This case began with an anonymous tip. In December 2006, someone called the South Salt Lake City police's drug-tip line to report "narcotics activity" at a particular residence. App. 15. Narcotics detective Douglas Fackrell investigated the tip. Over the course of about a week, Officer Fackrell conducted intermittent surveillance of the home. He observed visitors who left a few minutes after arriving at the house. These visits were sufficiently frequent to raise his suspicion that the occupants were dealing drugs.

136 S.Ct. 2060

One of those visitors was respondent Edward Strieff. Officer Fackrell observed Strieff exit the house and walk toward a nearby convenience store. In the store's parking lot, Officer Fackrell detained Strieff, identified himself, and asked Strieff what he was doing at the residence.

As part of the stop, Officer Fackrell requested Strieff's identification, and Strieff produced his Utah identification card. Officer Fackrell relayed Strieff's information to a police dispatcher, who reported that Strieff had an outstanding arrest warrant for a traffic violation. Officer Fackrell then arrested Strieff pursuant to that warrant. When Officer Fackrell searched Strieff incident to the arrest, he discovered a baggie of methamphetamine and drug paraphernalia.

The State charged Strieff with unlawful possession of methamphetamine and drug paraphernalia. Strieff moved to suppress the evidence, arguing that the evidence was inadmissible because it was derived from an unlawful investigatory stop. At the suppression hearing, the prosecutor conceded that Officer Fackrell lacked reasonable suspicion for the stop but argued that the evidence should not be suppressed because the existence of a valid arrest warrant attenuated the connection between the unlawful stop and the discovery of the contraband.

The trial court agreed with the State and admitted the evidence. The court found that the short time between the illegal stop and the search weighed in favor of suppressing the evidence, but that two countervailing considerations made it admissible. First, the court considered the presence of a valid arrest warrant to be an " ‘extraordinary intervening circumstance.’ " App. to Pet. for Cert. 102 (quoting United States v. Simpson, 439 F.3d 490, 496 (C.A.8 2006) ). Second, the court stressed the absence of flagrant misconduct by Officer Fackrell, who was conducting a legitimate investigation of a suspected drug house.

Strieff conditionally pleaded guilty to reduced charges of attempted possession of a controlled substance and possession of drug paraphernalia, but reserved his right to appeal the trial court's denial of the suppression motion. The Utah Court of Appeals affirmed. 2012 UT App ¶ 245, 286 P.3d 317.

The Utah Supreme Court reversed. 2015 UT ¶ 2, 357 P.3d 532. It held that the evidence was inadmissible because only "a voluntary act of a defendant's free will (as in a confession or consent to search)" sufficiently breaks the connection between an illegal search and the discovery of evidence. Id., at 536. Because Officer Fackrell's discovery of a valid arrest warrant did not fit this description, the court ordered the evidence suppressed. Ibid .

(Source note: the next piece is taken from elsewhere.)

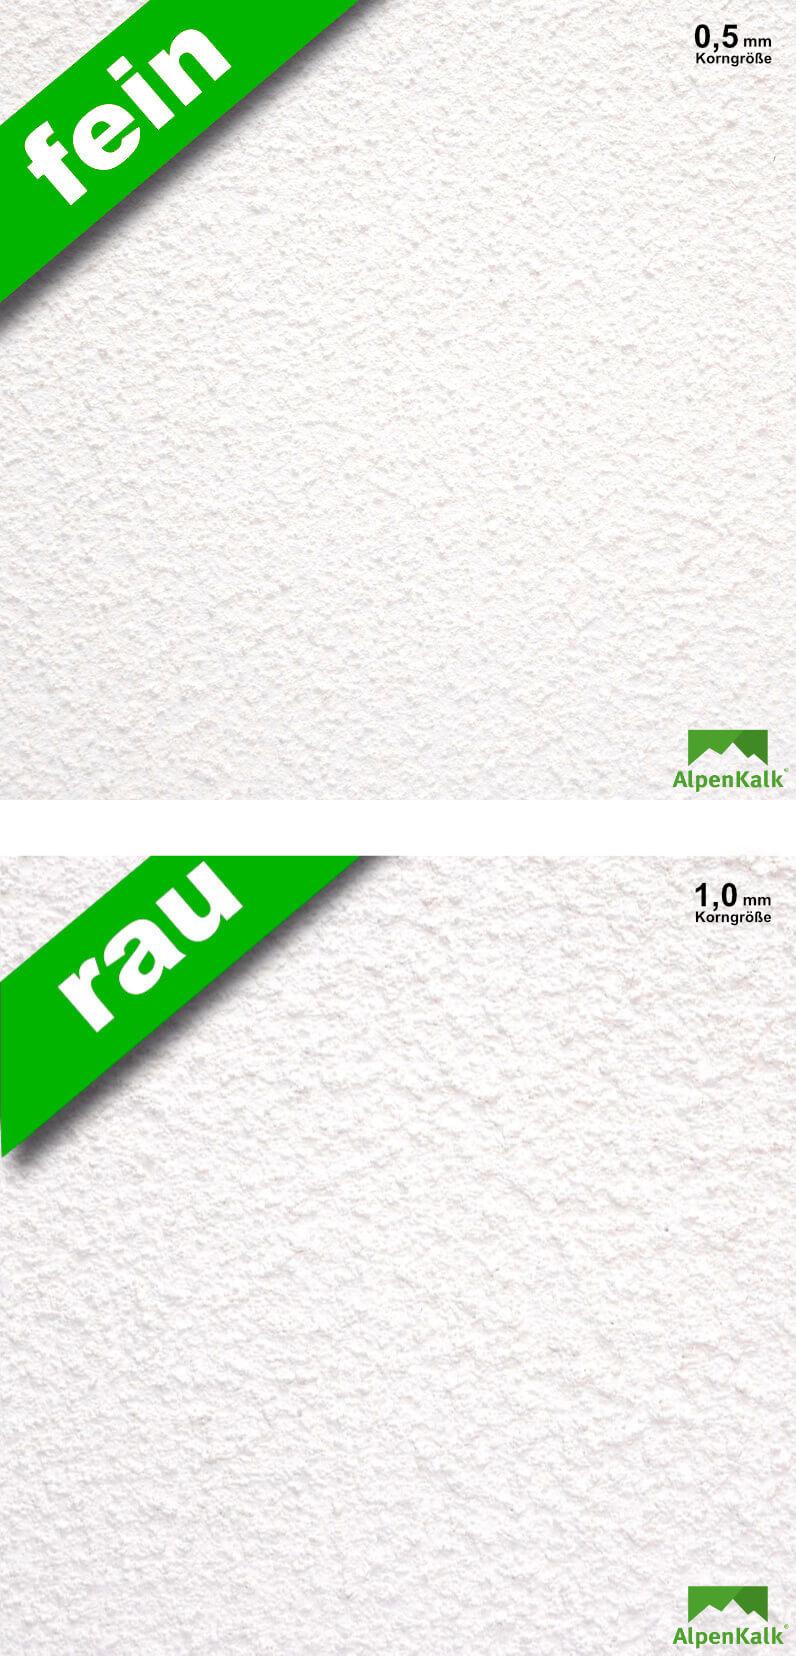 Super Streichputz, Rollputz innen - AlpenKalk kinderleicht auftragen RF19

We granted certiorari to resolve disagreement about how the attenuation doctrine applies where an unconstitutional detention leads to the discovery of a valid arrest warrant. 576 U.S. ––––, 136 S.Ct. 27, 192 L.Ed.2d 997 (2015). Compare, e.g., United States v. Green, 111 F.3d 515, 522–523 (C.A.7 1997) (holding that discovery of the warrant is a dispositive intervening circumstance where police misconduct was not flagrant), with, e.g., State v. Moralez, 297 Kan. 397, 415, 300 P.3d 1090, 1102 (2013) (assigning little significance to the discovery of the warrant). We now reverse.



The Fourth Amendment protects "[t]he right of the people to be secure in their persons, houses, papers, and effects, against unreasonable searches and seizures." Because officers who violated the

136 S.Ct. 2061

Fourth Amendment were traditionally considered trespassers, individuals subject to unconstitutional searches or seizures historically enforced their rights through tort suits or self-help. Davies, Recovering the Original Fourth Amendment, 98 Mich. L. Rev. 547, 625 (1999). In the 20th century, however, the exclusionary rule—the rule that often requires trial courts to exclude unlawfully seized evidence in a criminal trial—became the principal judicial remedy to deter Fourth Amendment violations. See, e.g., Mapp v. Ohio, 367 U.S. 643, 655, 81 S.Ct. 1684, 6 L.Ed.2d 1081 (1961).

Under the Court's precedents, the exclusionary rule encompasses both the "primary evidence obtained as a direct result of an illegal search or seizure" and, relevant here, "evidence later discovered and found to be derivative of an illegality," the so-called " ‘fruit of the poisonous tree.’ " Segura v. United States, 468 U.S. 796, 804, 104 S.Ct. 3380, 82 L.Ed.2d 599 (1984). But the significant costs of this rule have led us to deem it "applicable only ... where its deterrence benefits outweigh its substantial social costs." Hudson v. Michigan, 547 U.S. 586, 591, 126 S.Ct. 2159, 165 L.Ed.2d 56 (2006) (internal quotation marks omitted). "Suppression of evidence ... has always been our last resort, not our first impulse." Ibid.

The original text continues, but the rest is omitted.